Break the Syntax 2025 Writeups

Break the Syntax was a pretty cool CTF. Sitting comfortably around intermediate level difficulty, however I really loved the rev challenges, they were so unique and such a nice breath of fresh air. I managed to full solve all rev tasks quite quickly, and moved on to help my teammates with other categories. We competed as part of rakuz4n, which is a fun team made up of friends that I captain.

rev - the Last Xor in Lithuania (452 points)

we are given a binary called a.out and an assignment which hints towards XOR (Exclusive OR) operations. from the Break the Syntax 2025 CTF, this was the rev task with the least amount of solves, which is surprising due to its simple nature, as opposed to other rev tasks.

control flow architecture

(i used Binja with Pseudo C decompilation)

the binary uses a tightly-scoped entrypoint, passing all logic through a single function:

1
int main(int argc, char** argv) {
2
    sub_40119d(argv[1]);
3
    return 0;
4
}

this is a single entry point into decryption and validation logic. the function sub_40119d sets up the xor-based stage exec.

inside of the sub_40119d function, we observe :

1. the first input byte is extracted and used as a decryption key input[0]
2. the function sub_401149 is called to xor-decrypt a 0xc7-byte block at 0x4073d2
3. the binary then enters a loop, calling each entry in a function pointer table stored at 0x404c60 , incrementing through the table

simplified , cleaned up pseudocode (i renamed the function sub_401149 that was mentioned in step 2 as xor_decrypt

1
void sub_40119d(char* input) {
2
    uint8_t xor_key = input[0];
3
    xor_decrypt(0x4073d2, 0xc7, xor_key);
4

5
    void (**table)() = (void**)0x404c60;
6
    size_t i = 1;
7
    while (1) {
8
        table[i - 1](input[i]);
9
        i++;
10
    }
11
}

sub_401149 , or as we renamed it, xor_decrypt , applies a basic in-place xor over a fixed-size buffer:

1
void xor_decrypt(uint8_t* data, size_t len, uint8_t key) {
2
    for (size_t i = 0; i < len; ++i) {
3
        data[i] ^= key;
4
    }
5
}

function pointer chain

starting at 0x404c60, the binary defines a flat array of 48 function pointers. each points to an encrypted memory section (for example, f_0_section, f_1_section, …). these regions contain encrypted functions that validate one byte of input each.

1
0x404c60 → 0x4073d2
2
0x404c68 → 0x40749b
3
...

none of these function blocks are valid code until decrypted. after decryption, the first few bytes conform to a typical function prologue. this is the key to decryption, remember

decryption and flag

to decrypt the first block at 0x4073d2 , we brute-force the xor key until we find a valid x86 function signature. one such example ->

1
55             push   rbp
2
48 89 e5       mov    rbp, rsp

== mentioned prologue.

only one key yields this result: 0x42 (ascii ‘B’). so the correct first byte of input is B. each stage uses a predictable function header and the validation logic is simple. so our plan is to :

1. extract the encrypted block for each function pointer
2. brute force xor keys 0x00-0xff until the decrypted version starts with :

1
55 48 89 e5

3. record the key — it corresponds to one flag byte.

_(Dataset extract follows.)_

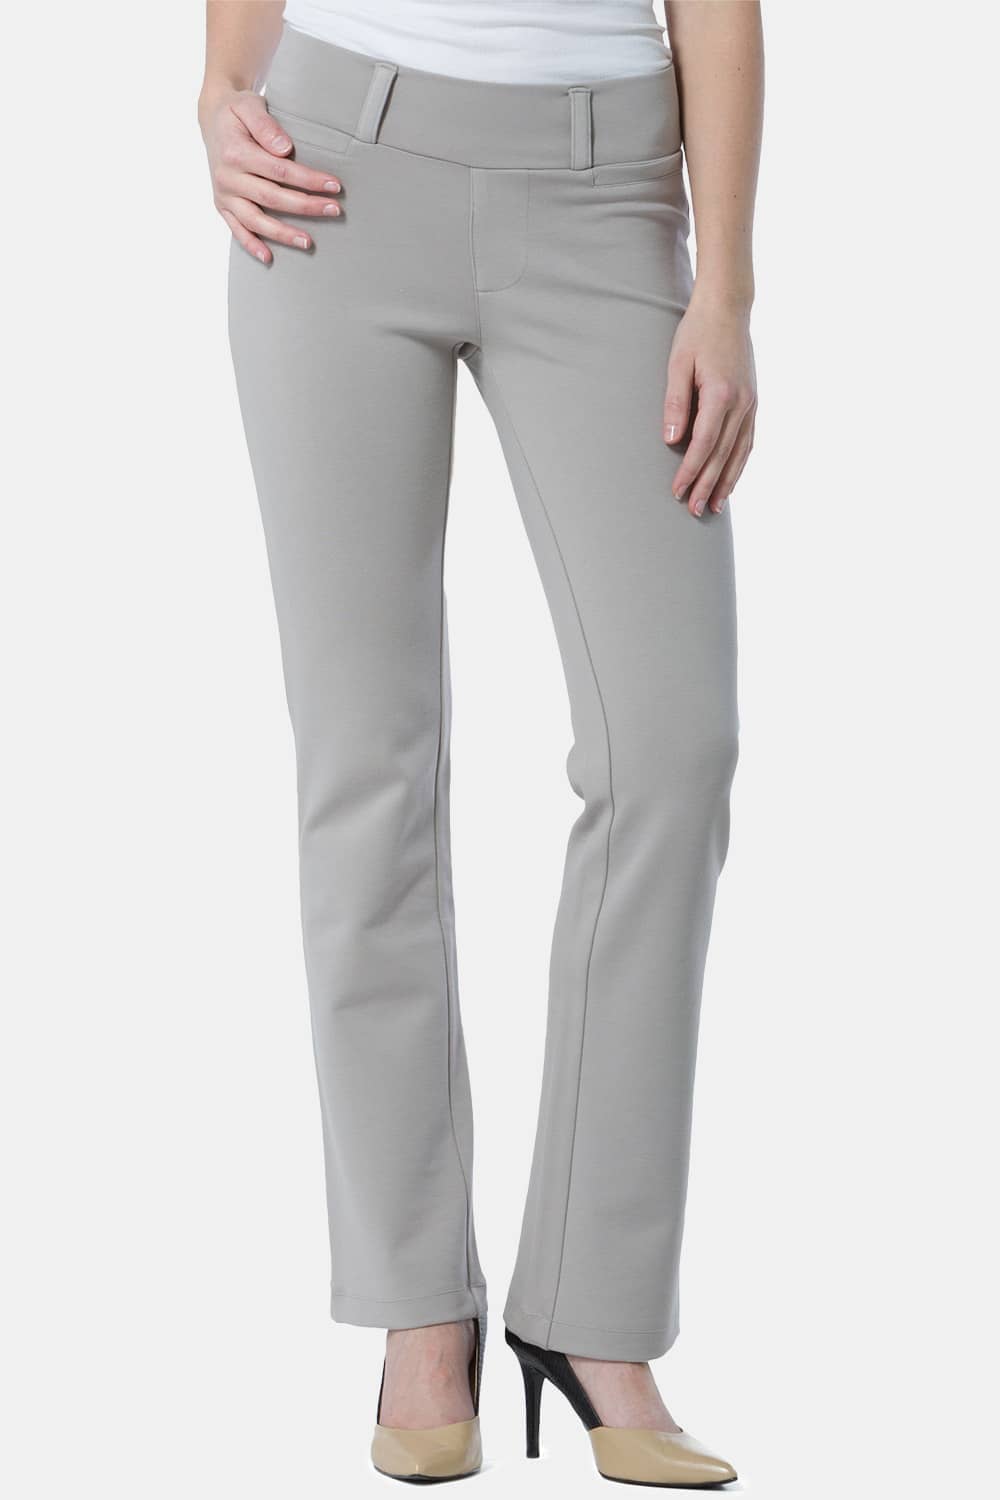 Women's Ponte Knit Pull-On Boot Leg Work Pant - NEW & IMPROVED FIT Womens>Pants Fishers Finery Gray Sky X-Small Petite

this approach yields a sequence of 48 xor keys, each independently discoverable :

}3M1T_4_T4_R0X_3NO_ZSU3D4T_N4P_GN1TPYRC3D{FTCStB

oh wait, its reversed? O_o (think about why)

final flag :

BtSCTF{D3CRYPT1NG_P4N_T4D3USZ_ON3_X0R_4T_4_T1M3}

rev - c64 (441 points)

the challenge presents a .d64 commodore 64 disk image containing two files:

decrypt — a basic v2 program that loads and executes a decryption routine secret — a sequential file containing an encrypted message

we are informed that the message in secret has been encrypted using the logic implemented in decrypt, and that a passphrase is required to unlock it. our objective is to reverse-engineer the decryption process and recover the flag, which follows the format BTSCTF<...>.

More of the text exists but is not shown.